Should assisted dying be legal?

More than two dozen jurisdictions around the world – including New Zealand, Canada, Switzerland, Belgium, 10 states in the US and all six states in Australia – allow some form of assisted dying.

Bills to legalise assisted dying are now going through parliaments in the Isle of Man, Jersey and Scotland. What about the rest of the UK?

The Westminster parliament is expected to debate the issue in the coming months. The Labour peer Charlie Falconer, a former Lord Chancellor, has published a Lords’ Private Member’s Bill to legalise assisted dying, and the Labour MP Jake Richards is considering bringing forward a Commons’ Private Member’s Bill after coming 11th in a ballot last week. Prime Minister Keir Starmer has backed a free vote on the issue.

This week, we learned that a citizens’ jury has overwhelmingly backed the legalisation of assisted dying for terminally ill people after hearing from experts over a period of eight weeks.

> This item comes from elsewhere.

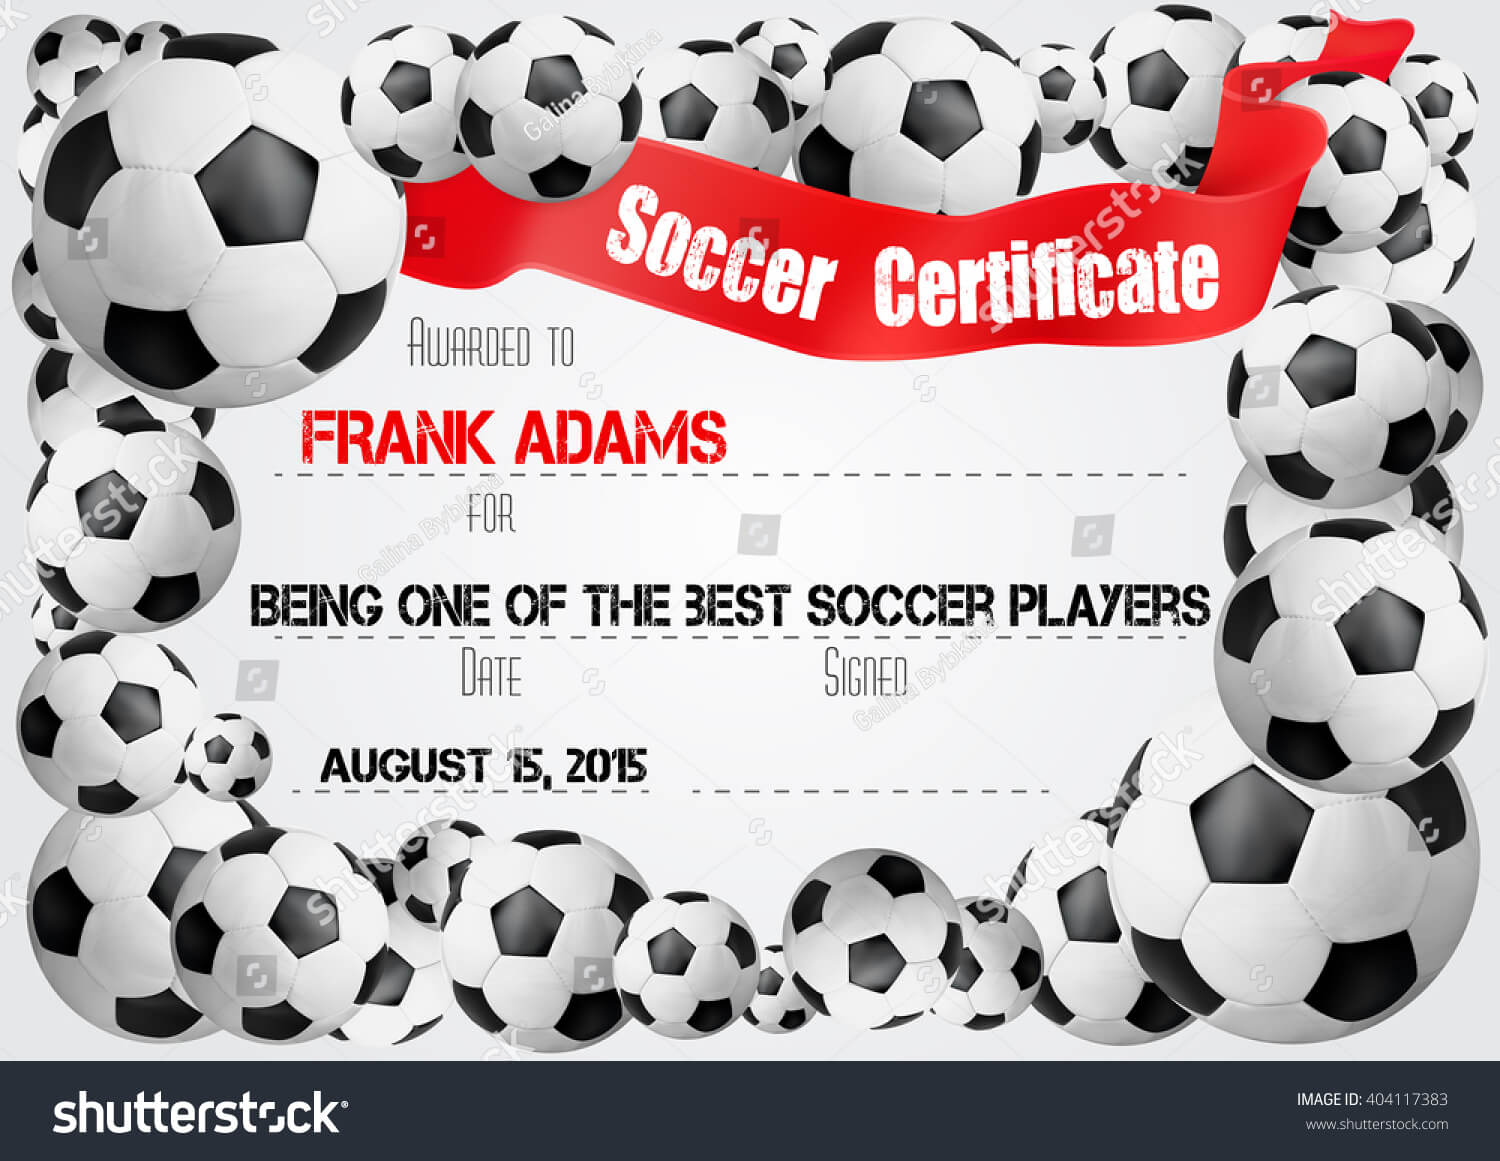 Soccer Certificate Template Football Ball Icons Stock Vector Regarding Soccer Certificate Template Free

Twenty out of 28 jurors based in England agreed the law should be changed, with seven disagreeing and one person saying they were undecided. More information on that citizens’ jury here.

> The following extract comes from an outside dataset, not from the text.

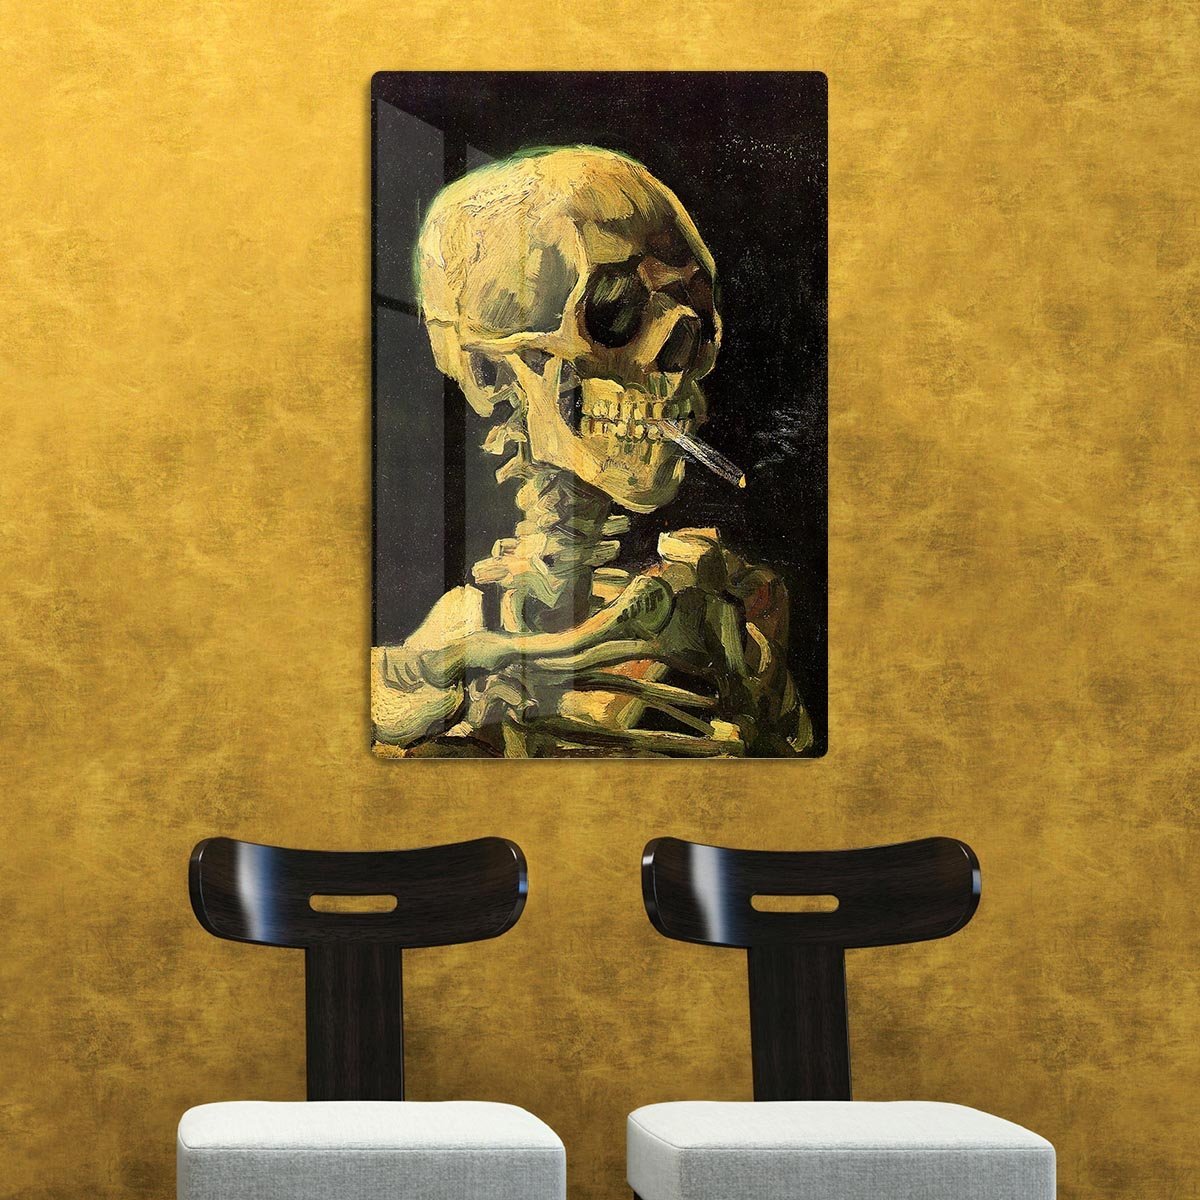 Skull with Burning Cigarette by Van Gogh HD Metal Print

I would support the legalisation of assisted dying in particular circumstances with appropriate safeguards. Now aged 76, one day I might want it.


3 Comments

  • chris

    The safeguards should include:
    – medical professionals, lawyers and carers and their associates or families of the above list should be excluded from any inheritance, without extremely good cause.
    – The same group should have no connection whatever to any entity participating in the assistance.
    – The patient should have a right of appeal if their exit is denied.
    I am 75 and will make this choice, if my eife predeceases me or if I am likely to suffer extreme pain of dementia.

  • Chris Dawes

    I agree that safeguards – and Chris’s are sensible – are necessary, but my experience of Lasting Powers of Attorney with different generations of my family and therefore different legislative provisions is that the tragic cases of abuse reported in the media have excessive impact on legislation resulting in enormous work and difficulty for the vast majority (>90%?) of attorneys in an already very stressful situation. R

  • Peter

    As an ex-nurse who worked for over 40yrs in the NHS I have seen many people in the last stages of life, some of whom are quite likely to have been in the category of wanting to euthanase themselves as their prognosis was hopeless and their situation very debilitating and/or painful. As I once said to my son, there are far worse things in life than death.

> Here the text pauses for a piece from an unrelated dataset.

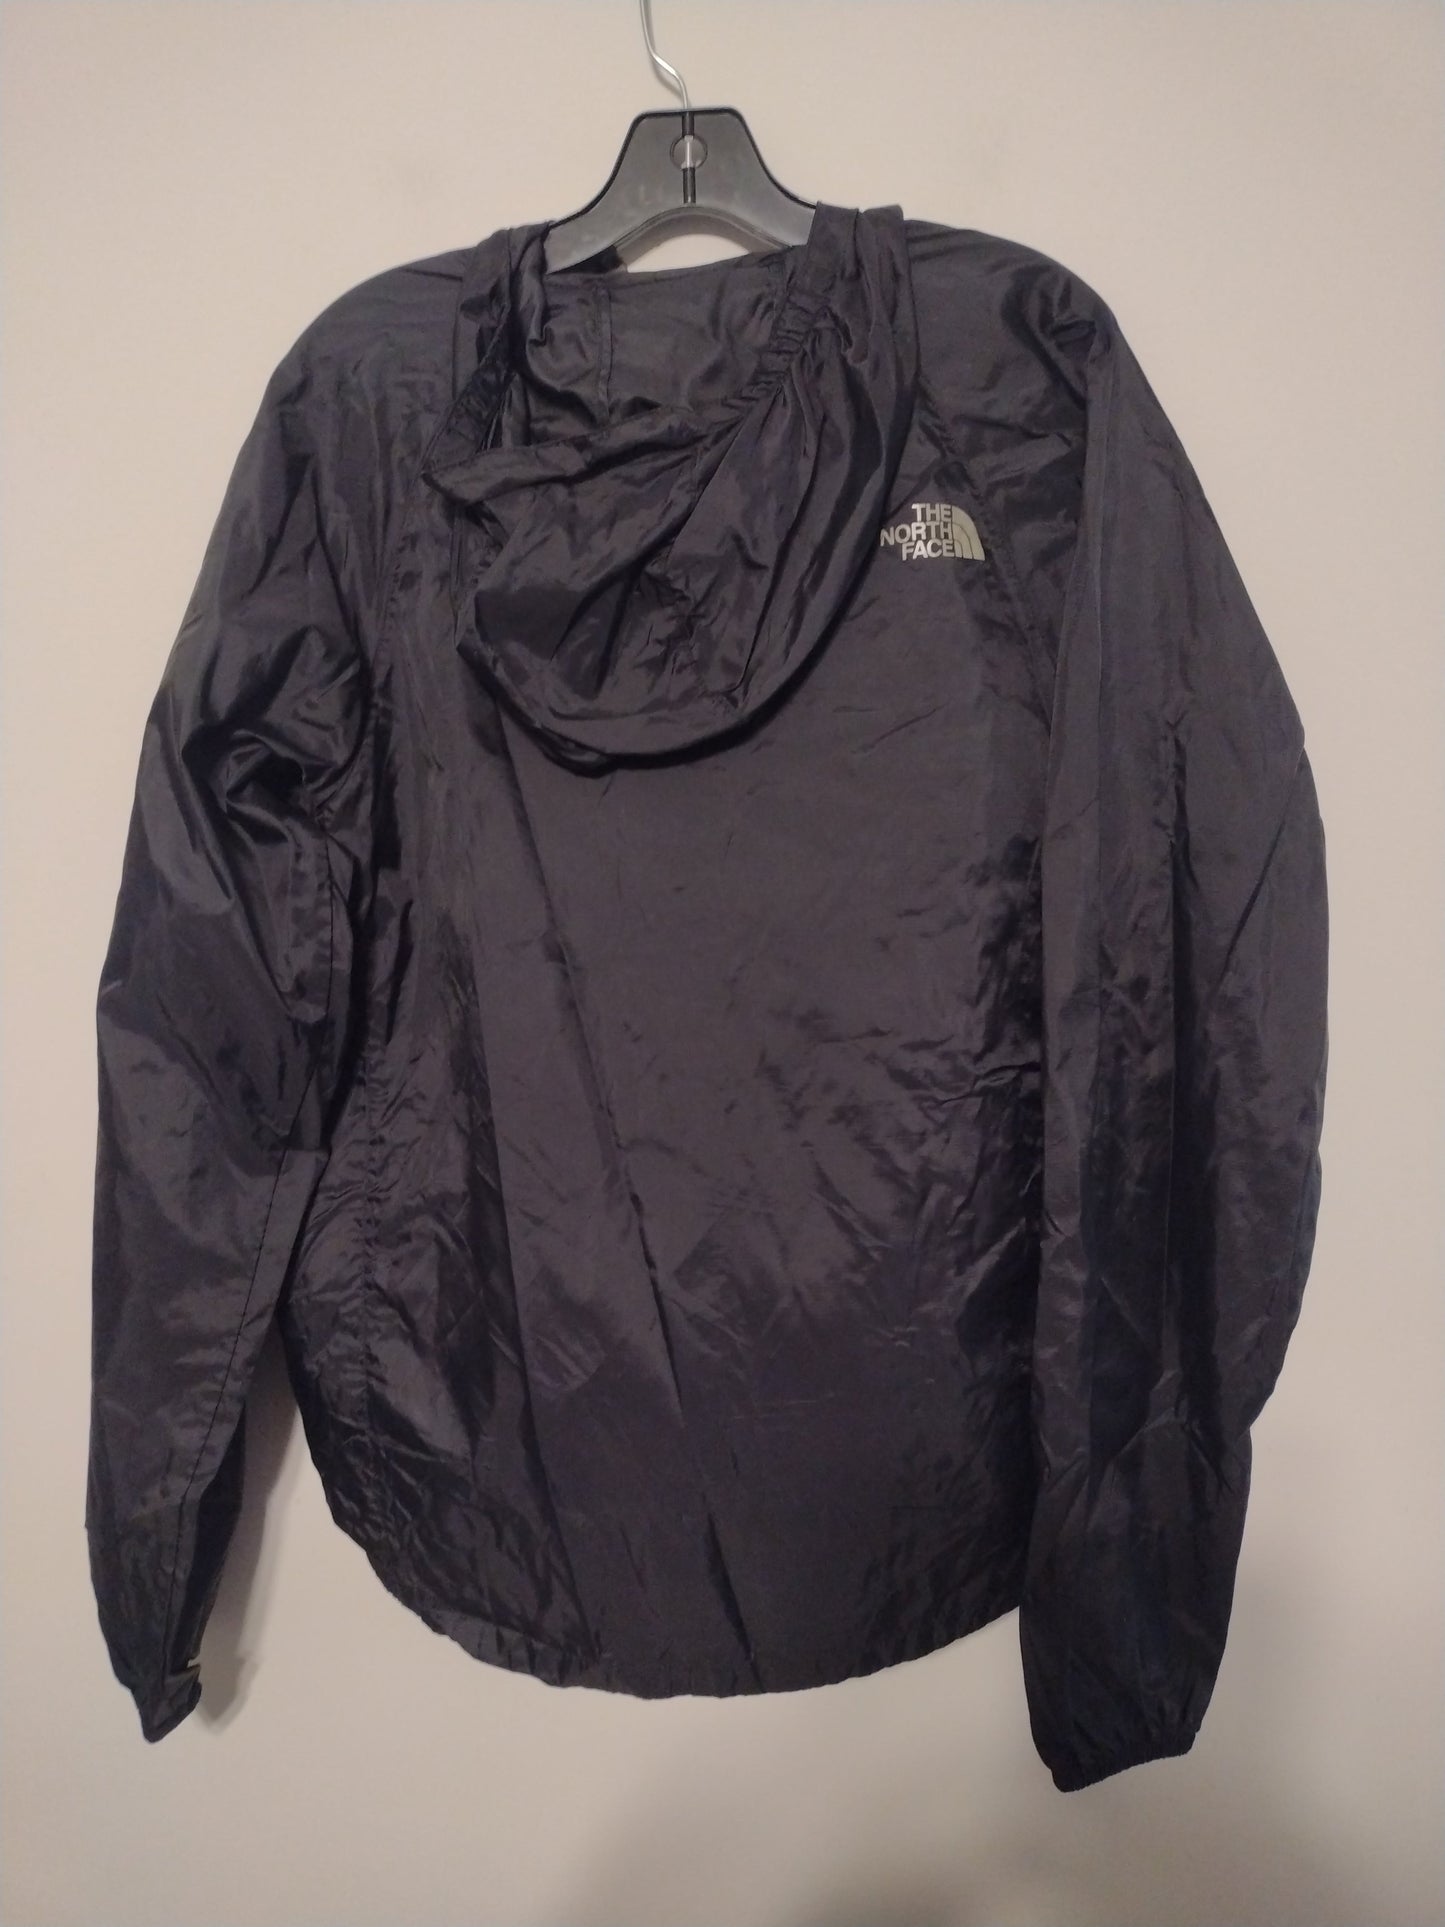 Jacket Windbreaker By North Face  Size: M

    If we had a scheme that guaranteed their right to choose to end their life, without interference from others, and to be helped to undertake it in a dignified and appropriate way, I would support that wholeheartedly. Living wills stating this intent would need to have been registered beforehand.

    There must be ironclad safeguards in place that ensured nobody else could make that decision for them and that unrelated people would in no way benefit.